## TASK PROMPT:
Copy out the lines of the records below, and only those lines, from the one with "SCPU Hospital - Registered" through the one with "Challenges in Employee", exactly as they appear.

## DATA SHOWN:
+===+
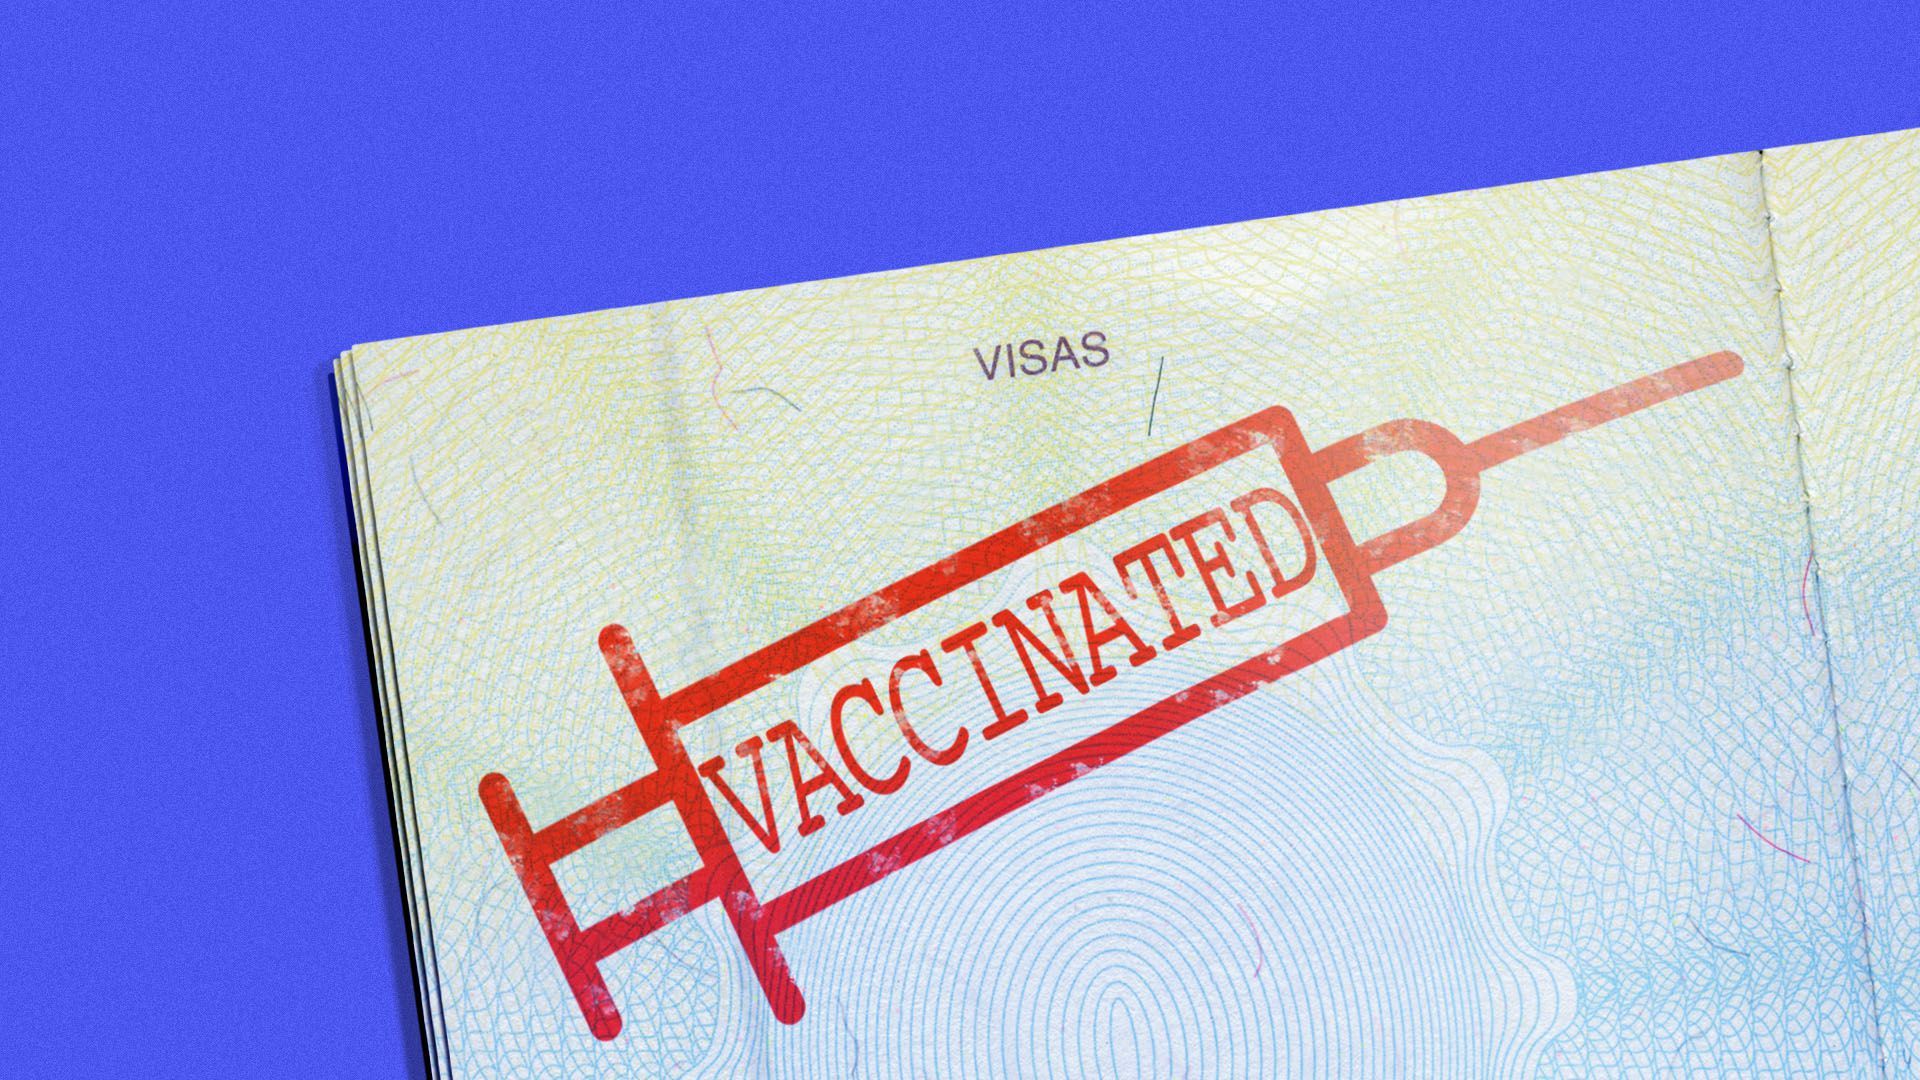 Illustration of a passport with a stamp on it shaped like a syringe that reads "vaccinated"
+===+
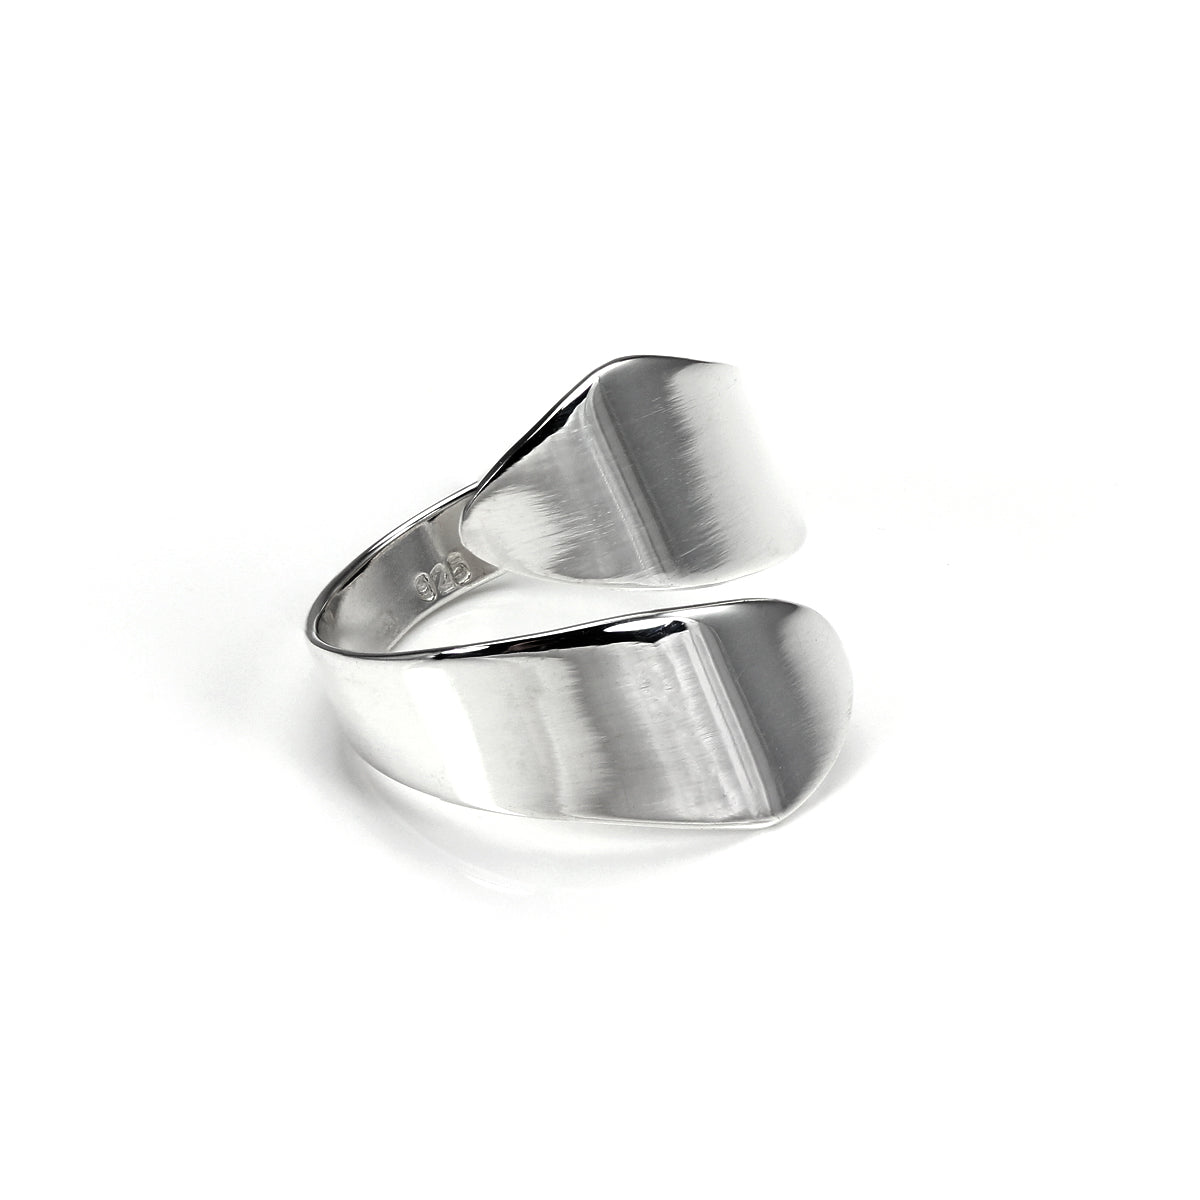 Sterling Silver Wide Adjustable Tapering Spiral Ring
+===+
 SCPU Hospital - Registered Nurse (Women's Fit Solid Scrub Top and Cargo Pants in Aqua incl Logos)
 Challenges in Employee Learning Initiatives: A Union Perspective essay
+===+
## YOUR RESPONSE:
 SCPU Hospital - Registered Nurse (Women's Fit Solid Scrub Top and Cargo Pants in Aqua incl Logos)
 Challenges in Employee Learning Initiatives: A Union Perspective essay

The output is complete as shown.